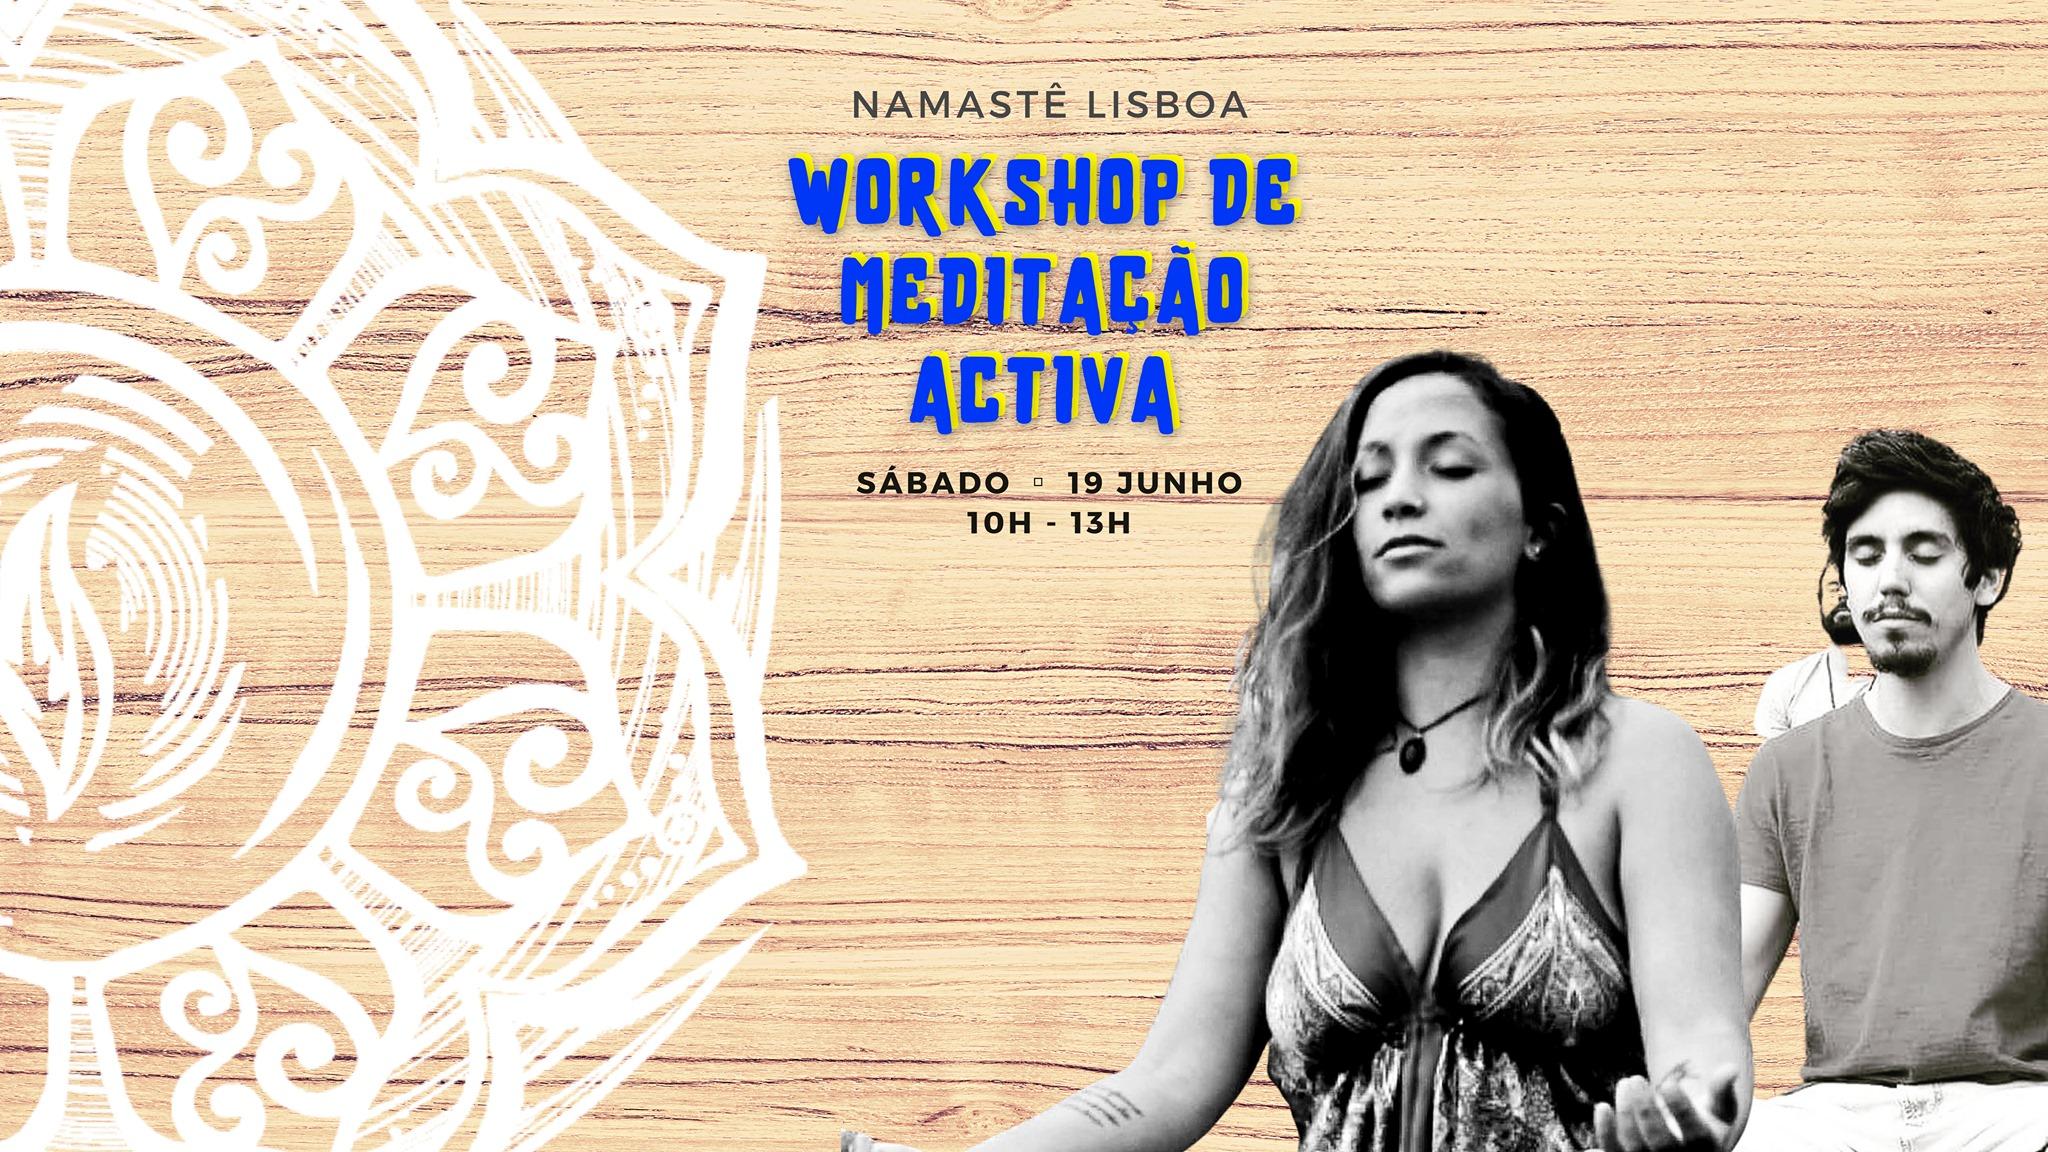 WORKSHOP DE MEDITAÇÃO ACTIVA
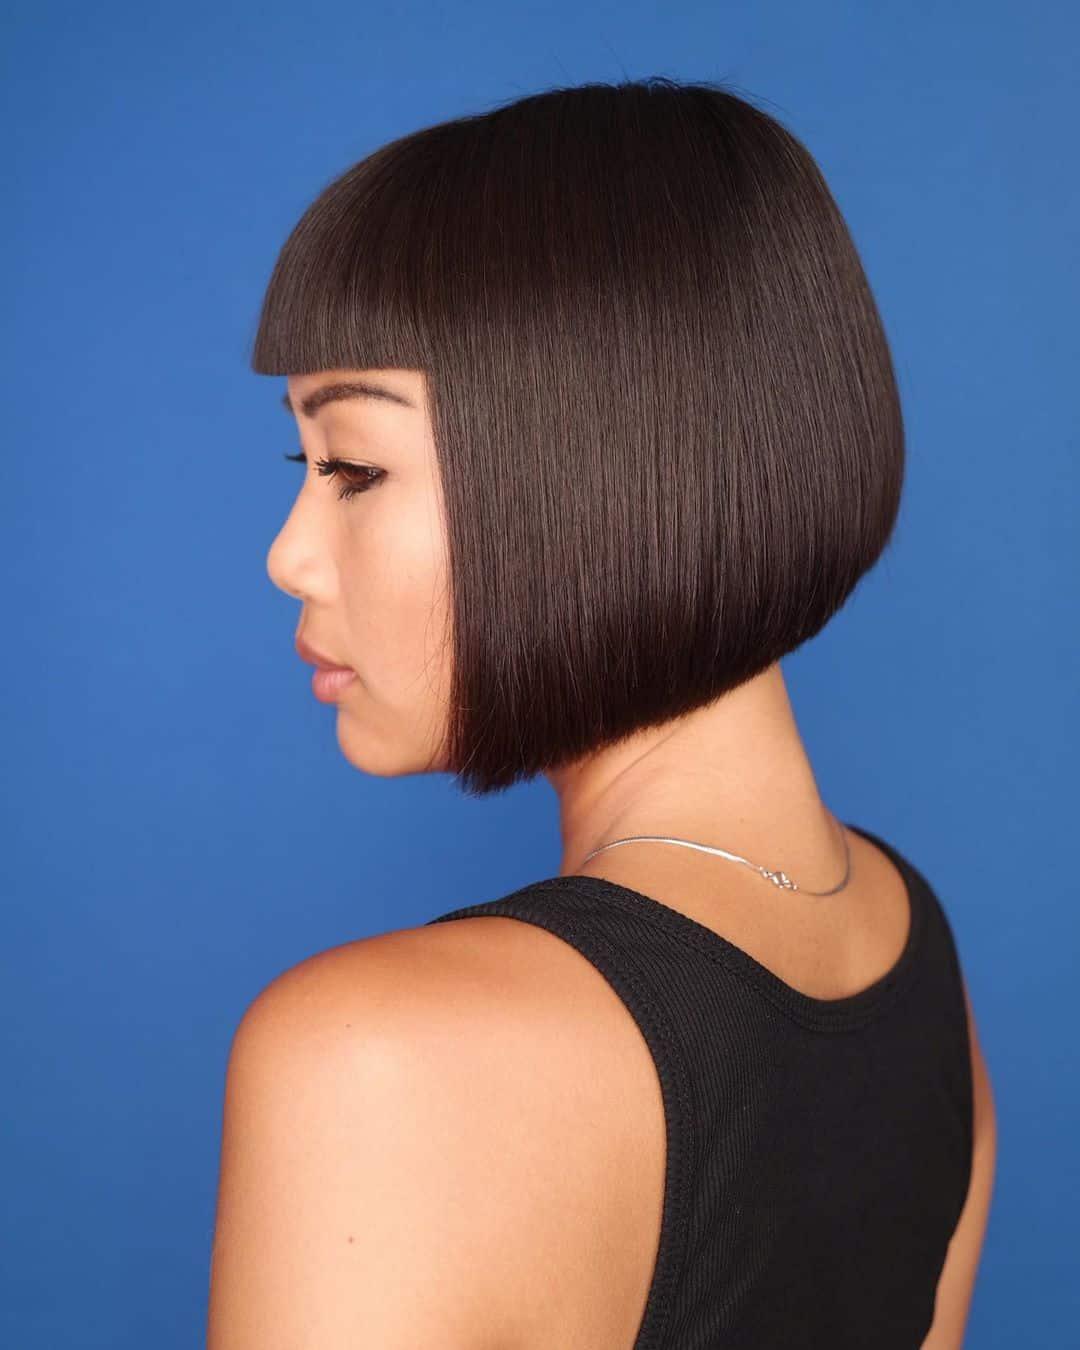 corte de pelo corto con flequillo contundente para chica asiática
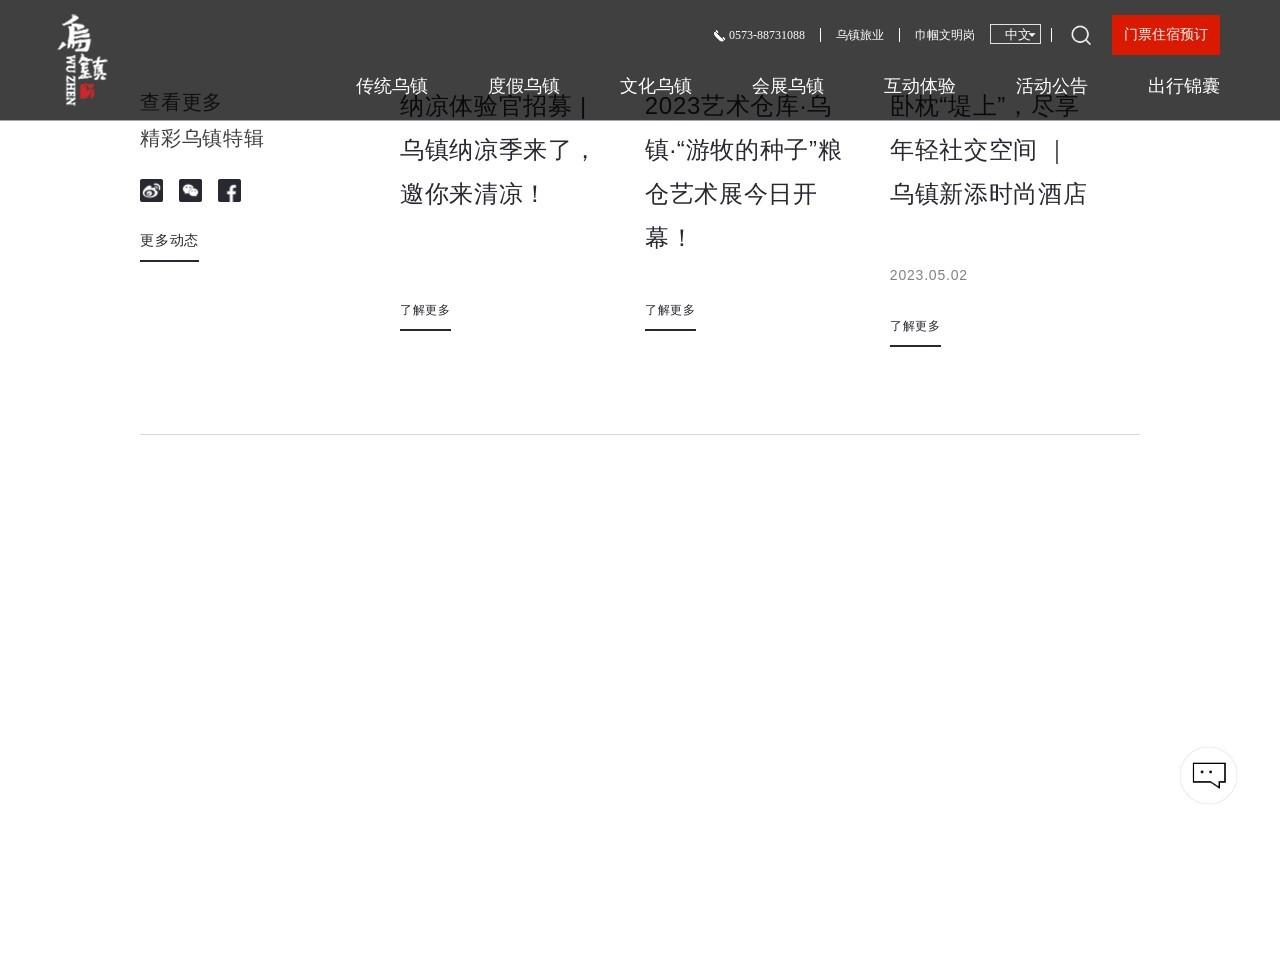 乌镇旅游官方网站
__________
_Work instruction_
Without the pictures, write out all of the material exactly.

_Task output_
 WORKSHOP DE MEDITAÇÃO ACTIVA
 corte de pelo corto con flequillo contundente para chica asiática
 乌镇旅游官方网站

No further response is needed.